As I was literally BLOCKED from reading this article at its original source “wikileaks.ch” in a Cyberwar that rages silently as we speak, I am posting Julian Assange’s statement in its entirety (mirror).

JULIAN ASSANGE, FOUNDER OF WIKILEAKS:

“As I type these lines, on June 3, 2013, Private First Class Bradley Edward Manning is being tried in a sequestered room at Fort Meade, Maryland, for the alleged crime of telling the truth. The court martial of the most prominent political prisoner in modern US history has now, finally, begun.

It has been three years. Bradley Manning, then 22 years old, was arrested in Baghdad on May 26, 2010. He was shipped to Kuwait, placed into a cage, and kept in the sweltering heat of Camp Arifjan.

“For me, I stopped keeping track,” he told the court last November. “I didn’t know whether night was day or day was night. And my world became very, very small. It became these cages… I remember thinking I’m going to die.”

After protests from his lawyers, Bradley Manning was then transferred to a brig at a US Marine Corps Base in Quantico, VA, where — infamously — he was subjected to cruel, inhuman and degrading treatment at the hands of his captors — a formal finding by the UN. Isolated in a tiny cell for 23 out of 24 hours a day, he was deprived of his glasses, sleep, blankets and clothes, and prevented from exercising. All of this — it has been determined by a military judge — “punished” him before he had even stood trial.

“Brad’s treatment at Quantico will forever be etched, I believe, in our nation’s history, as a disgraceful moment in time” said his lawyer, David Coombs. “Not only was it stupid and counterproductive, it was criminal.”

The United States was, in theory, a nation of laws. But it is no longer a nation of laws for Bradley Manning.

When the abuse of Bradley Manning became a scandal reaching all the way to the President of the United States and Hillary Clinton’s spokesman resigned to register his dissent over Mr. Manning’s treatment, an attempt was made to make the problem less visible. Bradley Manning was transferred to the Midwest Joint Regional Correctional Facility at Fort Leavenworth, Kansas.

He has waited in prison for three years for a trial — 986 days longer than the legal maximum — because for three years the prosecution has dragged its feet and obstructed the court, denied the defense access to evidence and abused official secrecy. This is simply illegal — all defendants are constitutionally entitled to a speedy trial — but the transgression has been acknowledged and then overlooked.

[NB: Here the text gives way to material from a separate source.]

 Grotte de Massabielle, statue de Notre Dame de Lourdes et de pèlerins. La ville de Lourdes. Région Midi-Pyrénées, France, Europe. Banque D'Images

Against all of this, it would be tempting to look on the eventual commencement of his trial as a mercy. But that is hard to do.

We no longer need to comprehend the “Kafkaesque” through the lens of fiction or allegory. It has left the pages and lives among us, stalking our best and brightest. It is fair to call what is happening to Bradley Manning a “show trial.” Those invested in what is called the “US military justice system” feel obliged to defend what is going on, but the rest of us are free to describe this travesty for what it is. No serious commentator has any confidence in a benign outcome. The pretrial hearings have comprehensively eliminated any meaningful uncertainty, inflicting pre-emptive bans on every defense argument that had any chance of success.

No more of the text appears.